**Given data**
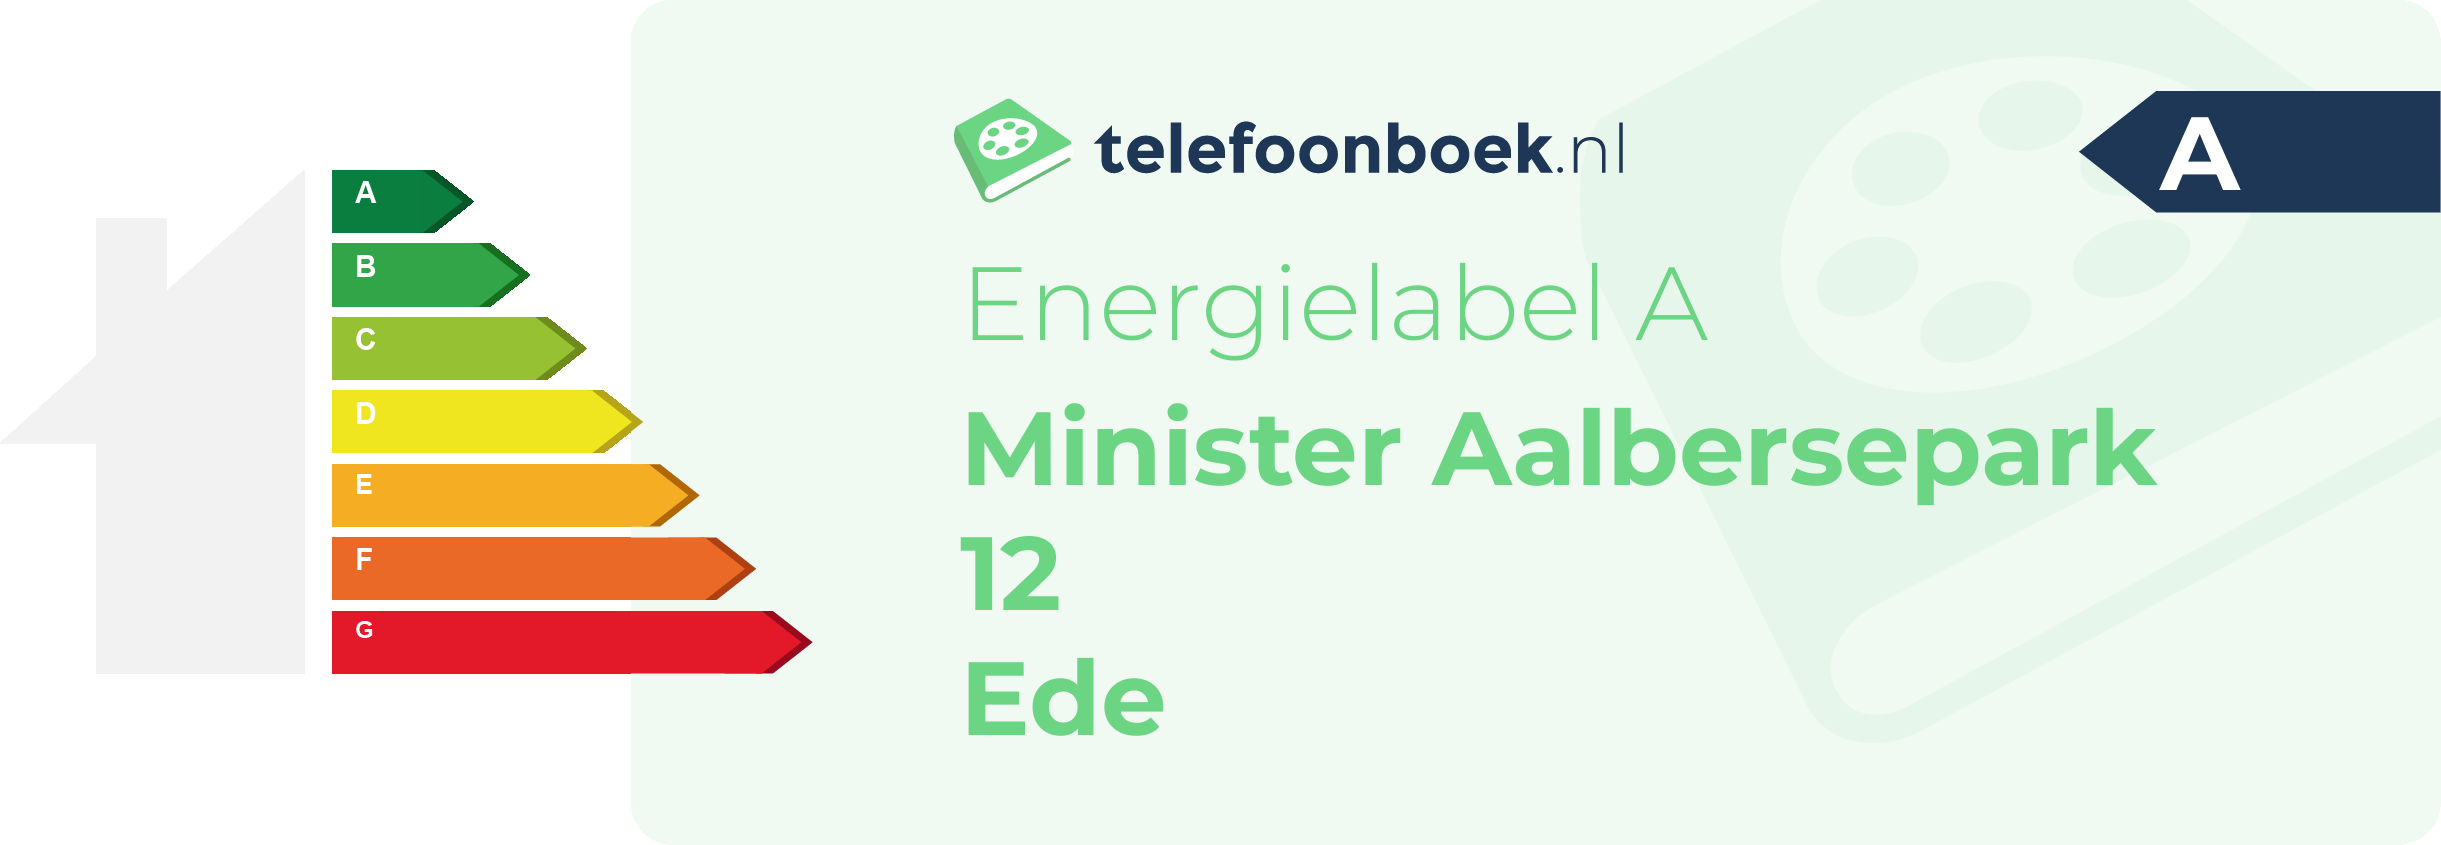 Energielabel Minister Aalbersepark 12 Ede
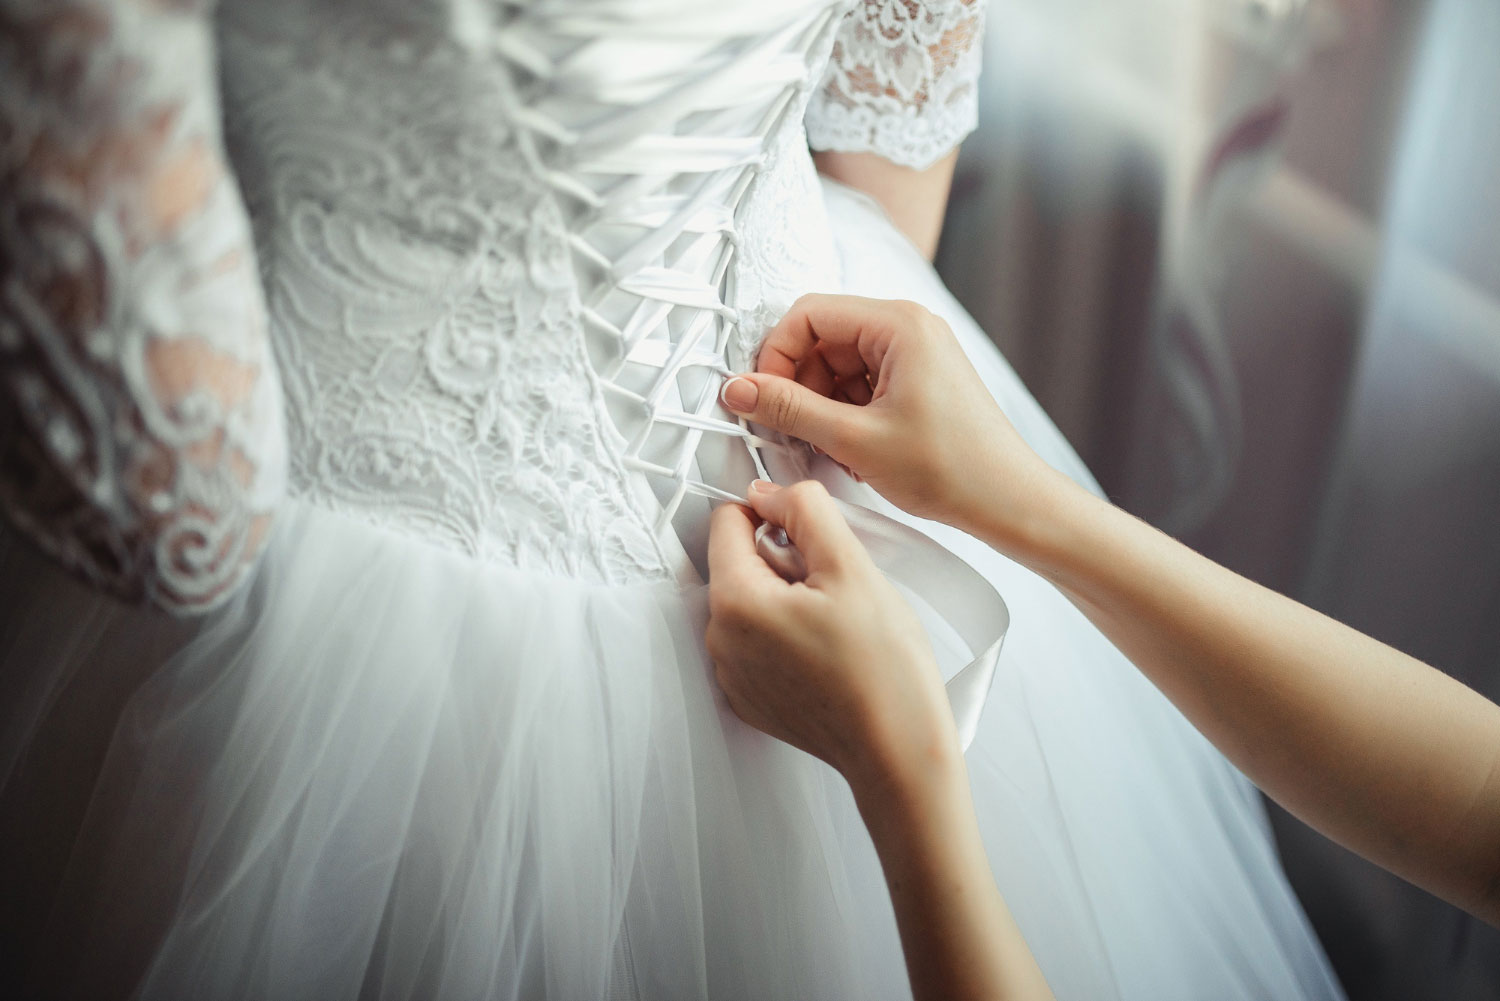 Pessoa ajustando os detalhes finais de um vestido noiva 2023 no corpo de uma mulher
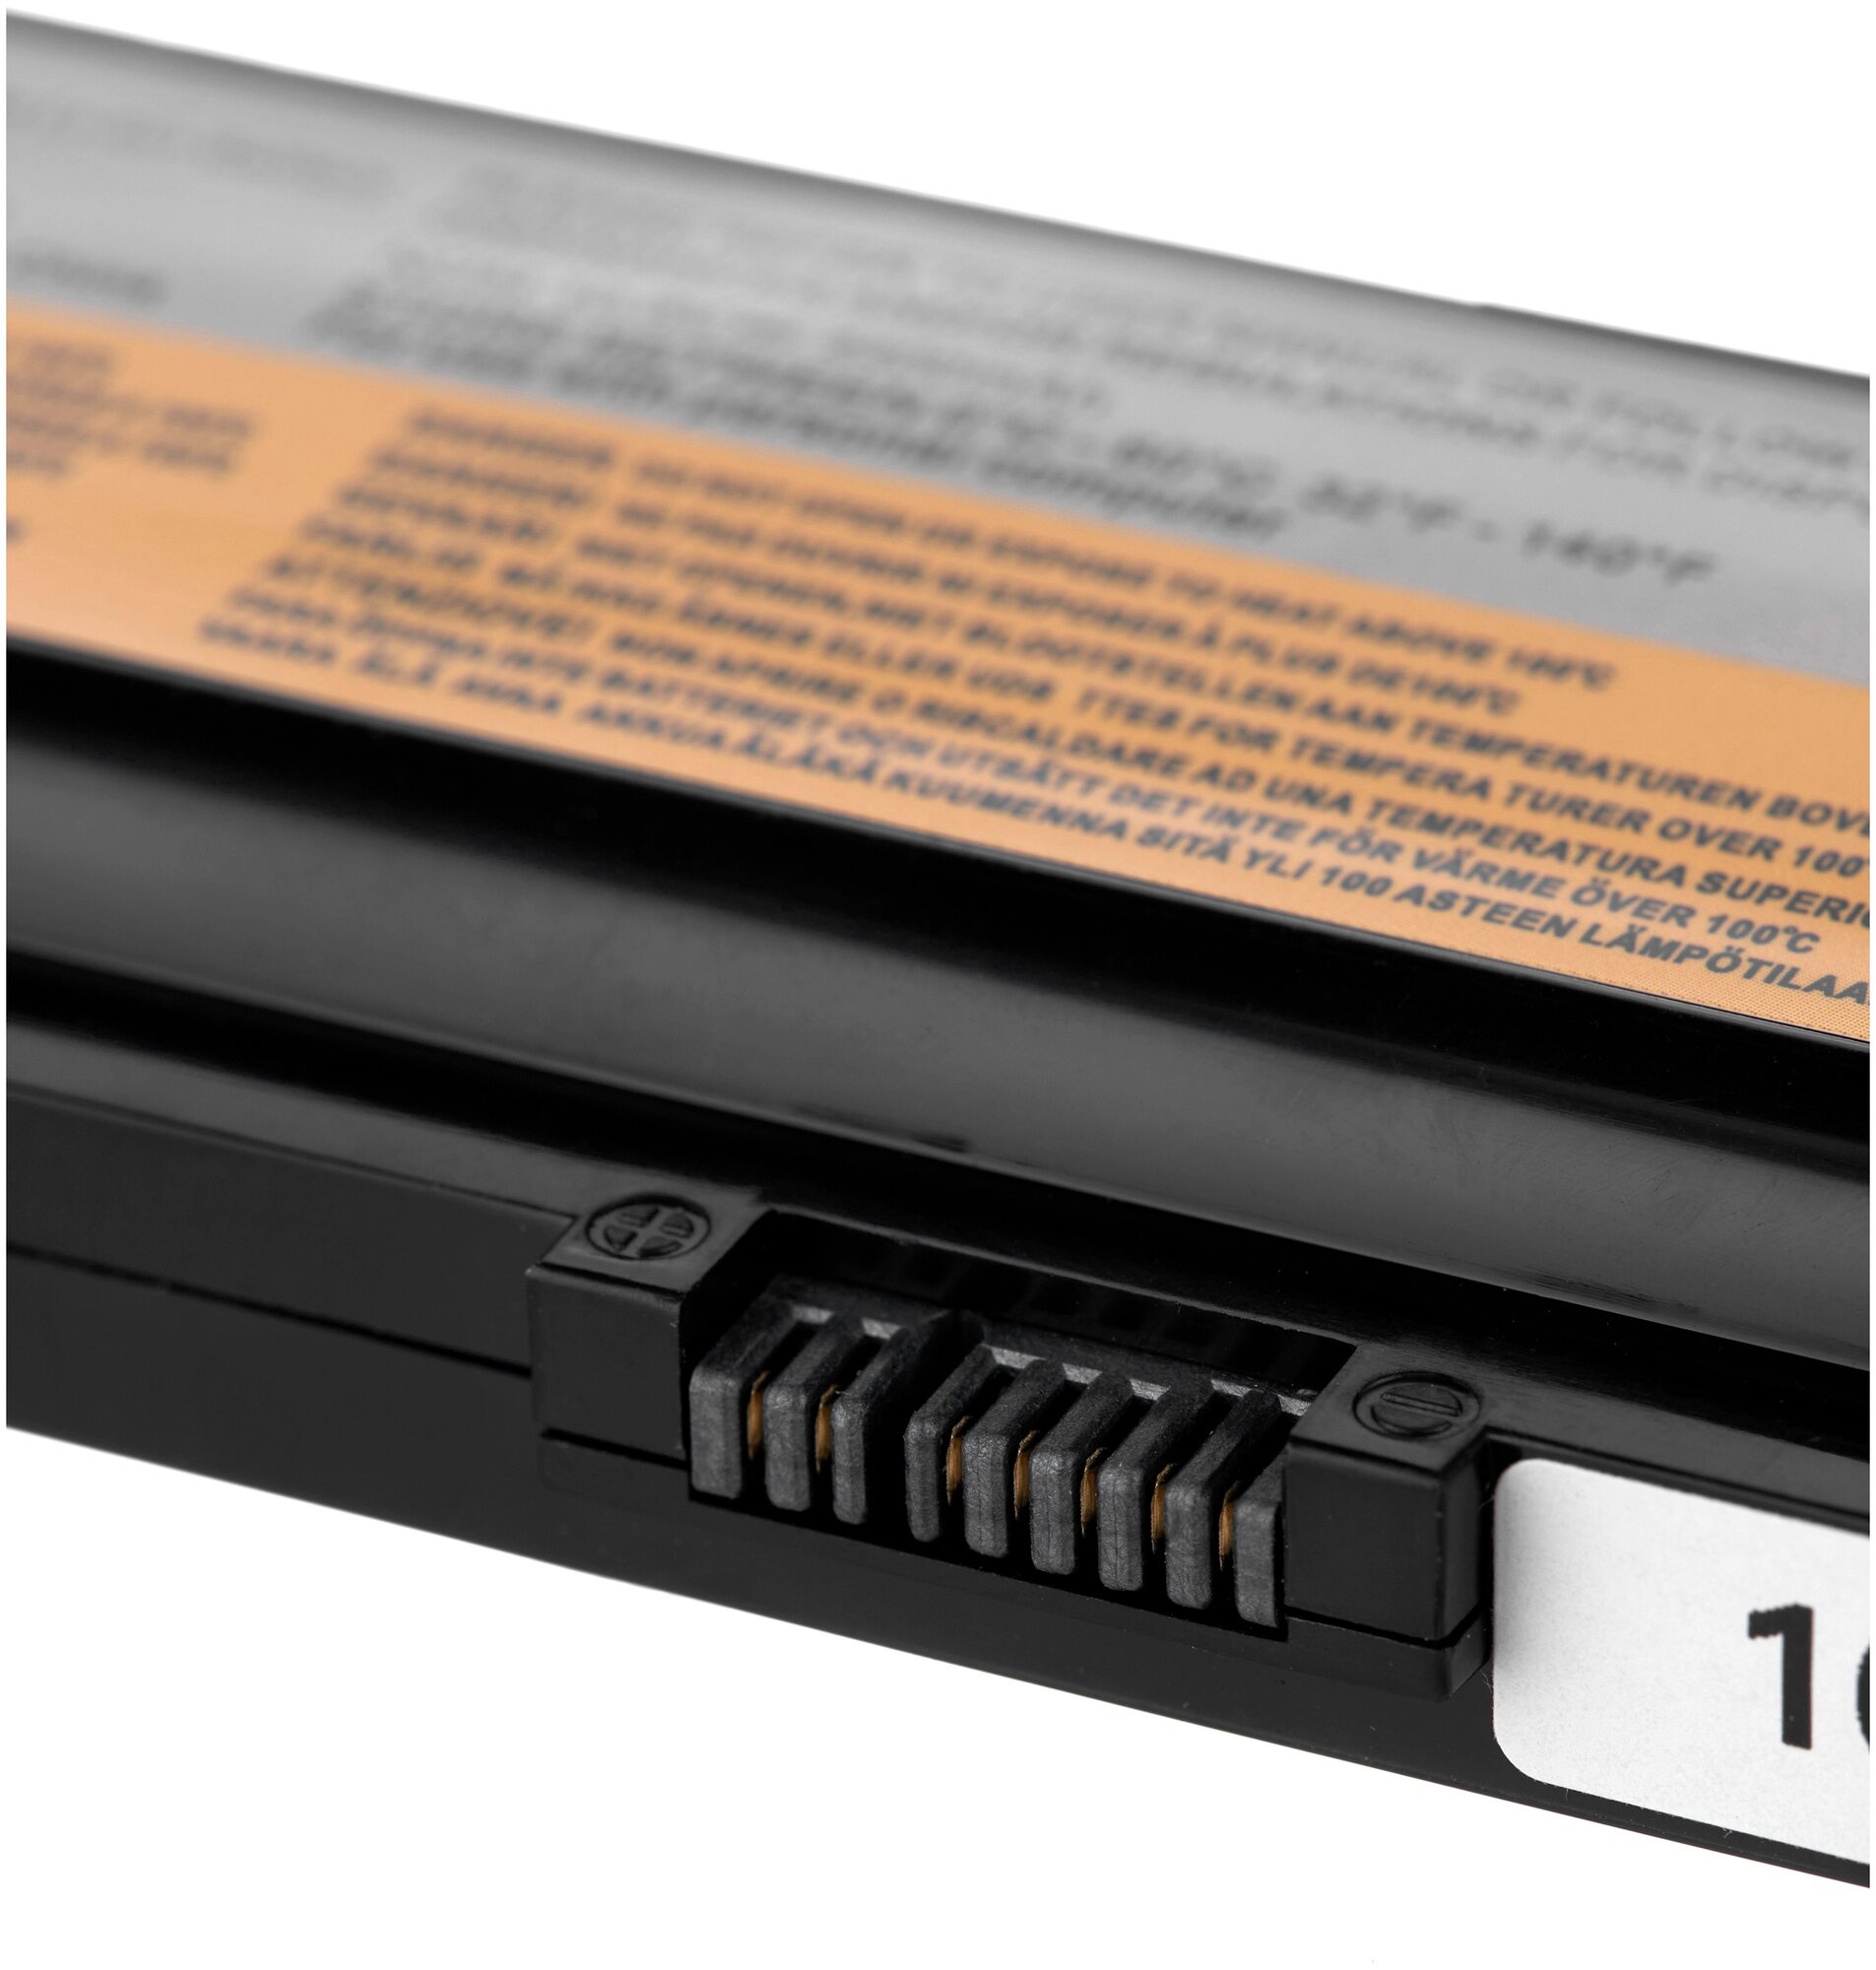 Аккумулятор для ноутбука Lenovo OEM IdeaPad B480, B585, G480, G580, N581, N586, V480, V580, Y480, Series. 10.8V 4400mAh PN: 45N1049, L11L6F01 - фото №4

**Problem description**
Set down the material above as is, without any pictures.

**Answer space**
 Energielabel Minister Aalbersepark 12 Ede
 Pessoa ajustando os detalhes finais de um vestido noiva 2023 no corpo de uma mulher
 Аккумулятор для ноутбука Lenovo OEM IdeaPad B480, B585, G480, G580, N581, N586, V480, V580, Y480, Series. 10.8V 4400mAh PN: 45N1049, L11L6F01 - фото №4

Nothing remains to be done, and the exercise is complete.